Knowledge is Power

The more I read news articles these days the more horribly paranoid and conscious I become of the Orwellian, dystopian nightmare world of his novel Nineteen Eighty-Four. Call me melodramatic, but recent moves for censorship of the internet is the beginning of such a culture however elaborate this link may seem. If I think back to the censorship programmes installed on computers in secondary school, they were an absolute hinderance to research and learning. Websites were filed into categories namely ‘nudity’ (but some were slightly more dubious such as the ‘occult’) They were often blocked for the most minute of connections (mostly keywords or swear words). These programmes ensured limited access to websites and therefore, information.

The central motivation of the government filter (which will come into effect this month), is to protect the eyes of children from seeing pornographic content. This seems on the surface, a reasonable motivation for censorship. The problem is that the god-like power of selecting what we do and do not see in our day to day lives is being placed in the hands of a select few, the definition of what is pornographic and negative to the eyes of children, becomes skewed by the authoritative opinion of this select few.

In an article for the Guardian, Laurie Penny has outlined how ” Sites that were found to be inaccessible when the new filtering system was launched last year included in some cases helplines like Childline and the NSPCC, domestic violence and suicide prevention services” This is just an example of the kind of extension of definitions that can and WILL occur from government filtering. Does the noble cause of protecting against pornography and obscene images seem like such a good idea now? The fresh and more dangerous potentialities of allowing power into the hands of a select few is something vastly more worrying than children seeing pornographic images. No one seemingly worries about the (let’s face it, FAR more easily accessible) page 3 of The Sun newspaper (among other publications) that boasts of a different topless lady each day. All it takes is a child to pick up that newspaper be it in a shop or at home, to see such images. If the worry of the effects of pornography on impressionable children was such an ardent issue in the hearts of the government, page 3 would have been done away with a long time ago.

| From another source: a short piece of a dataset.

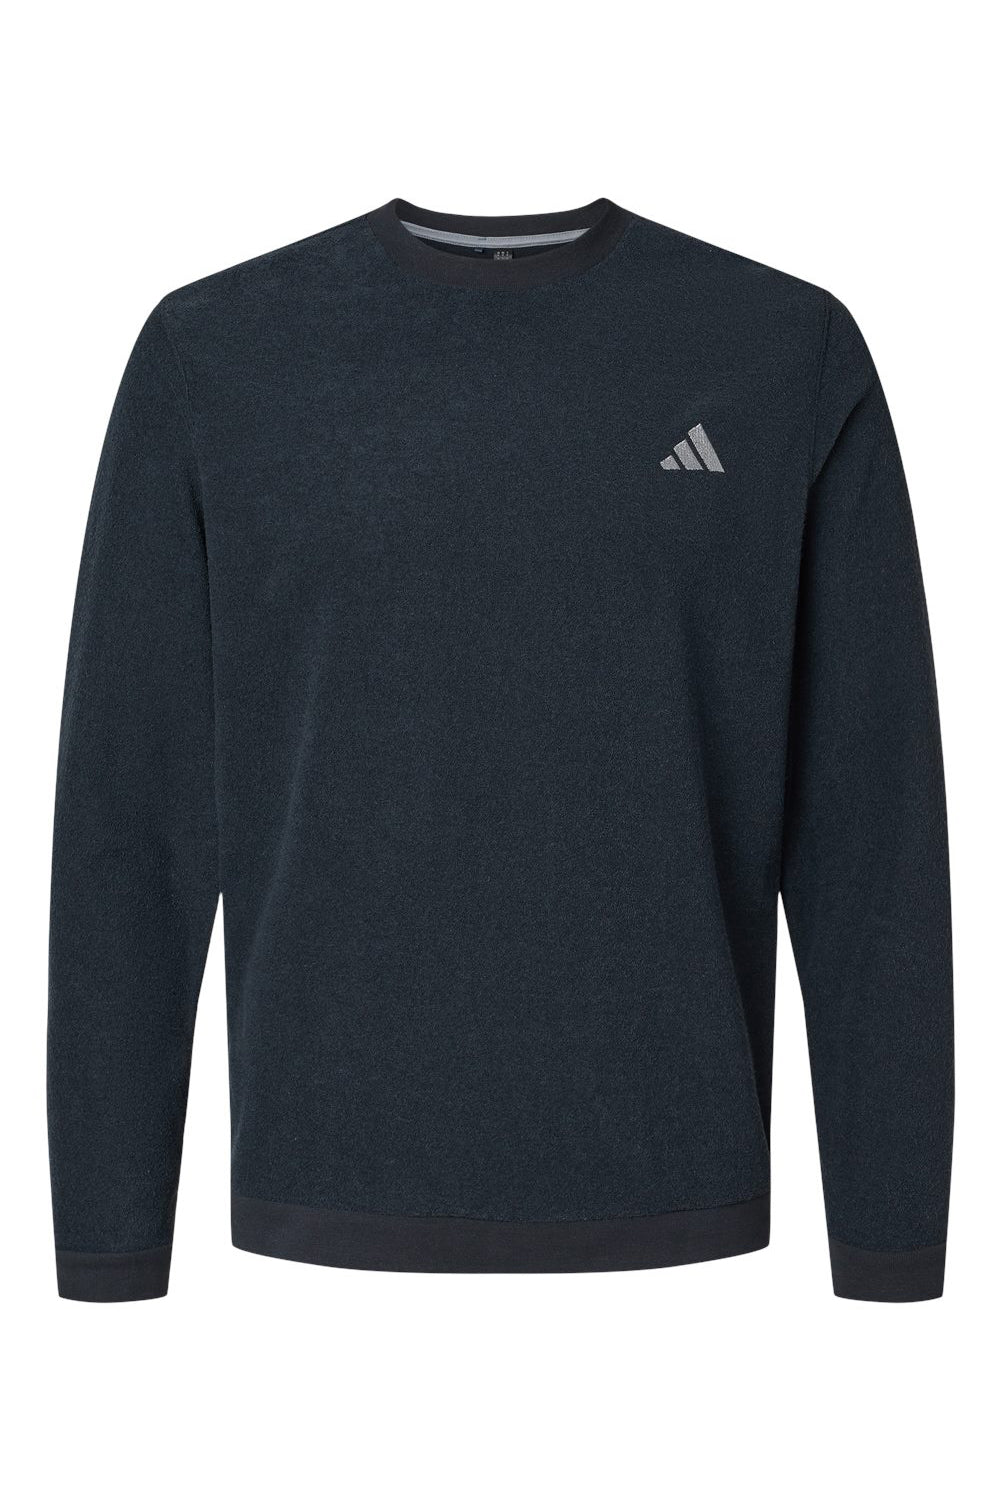 Adidas A586 Mens Crewneck Sweatshirt Black Flat Front

The central issue here is not protecting children, it is the government’s need for monopolisation of the information available to us. Do not be lulled into the comforting thought that children are at the heart of the cause here. This bid for government filtering is the need of a select few to feed information deemed acceptable to us. The extension of definitions of what is bad and what is acceptable is not something to be chosen by anyone other than ourselves. It is also not the duty of the government to protect impressionable children (last I heard that’s what parents and guardians were for? Just putting that out there.)

May I also remind anyone who so chooses to read this, of how ten year’s worth of speeches and press releases promising a better, fairer country from a Conservative government were deleted from archives. This kind of filtering, the cutting and pasting of what information the population can and cannot see, is simply a taste of what is to come if government internet filtering is allowed to be implemented without any objection. It is an insult to the intelligence of individuals in society, as is the idea that without government intervention, children will watch pornography as if parents are non existent. It is ludicrous when you consider the issue in this sense.

It is appropriate that the much slammed Thought of The Day on Radio 4 yesterday, from Julian Assange happened to be this:

“Knowledge is power. To keep a person ignorant is to place them in a cage. So it follows that the powerful, if they want to keep their power, will try to know as much about us as they can, and they will try to make sure that we know as little about them as is possible.”

Keep this in mind as the bid for internet filtering gains momentum. The monopolisation of information is unnatural and it is something to be rallied against. The internet is an equaliser, anyone can contribute to it and anyone can access it. We are at a time when the acquirement of information through the internet is at its most efficient, useful and relied upon. Do not sit back and let that be mutated.